Opt-out: ISPs would be allowed to use and share non-sensitive information unless a customer ‘opts-out.’ All other individually identifiable customer information – for example, email address or service tier information – would be considered non-sensitive and the use and sharing of that information would be subject to opt-out consent, consistent with consumer expectations.
Exceptions to consent requirements: Customer consent is inferred for certain purposes specified in the statute, including the provision of broadband service or billing and collection. For the use of this information, no additional customer consent is required beyond the creation of the customer-ISP relationship.”
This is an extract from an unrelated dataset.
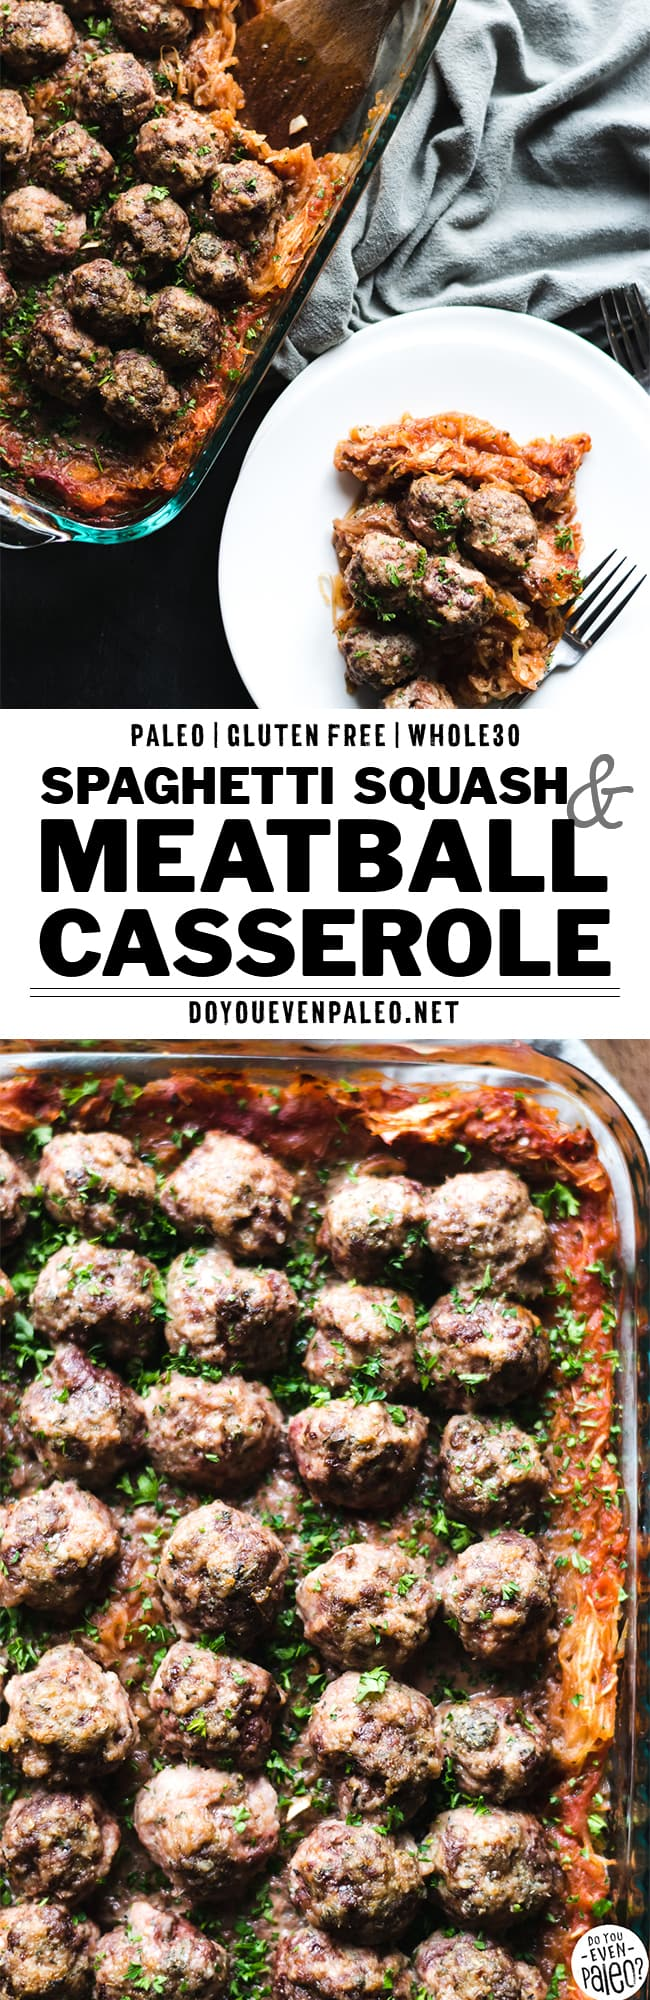 Paleo Spaghetti Squash & Meatball Casserole Recipe Pin | DoYouEvenPaleo.net

Before the FCC could actually enact those rules, however, the then-newly elected presidential administration rolled them back—signaling the US’s shift away from Europe in terms of privacy laws. In a similar signal of deregulation, on May 18, 2017, the FCC voted to begin repealing what are commonly referred to as “net neutrality” laws. “[Net neutrality is] the idea that phone and cable companies should treat all of the traffic on their networks equally—no blocking or slowing their competitors, and no fast lanes for companies that can pay more,” as an NPR article succinctly explained.2 Enacted in 2015, these rules had placed ISPs under strict FCC oversight. Now it appears that the FCC will be taking a lighter touch in regulating phone and cable companies, potentially easing the regulatory burden for business but creating more privacy risks for consumers.
The Privacy Pendulum
While the EU and, in all likelihood, the post-Brexit UK, are tightening the reins on consumer privacy protections, the U.S. appears to be headed in the opposite direction. How these competing forces will affect cyber security—and global competitiveness—remain to be seen.
Results by Region
In Europe, 67% of executives agree that privacy is compromised by current privacy laws and legislation related to information security.
In the U.S., the finding was similar, with 66% indicating that current laws are putting privacy at risk and 75% looking to government to do more.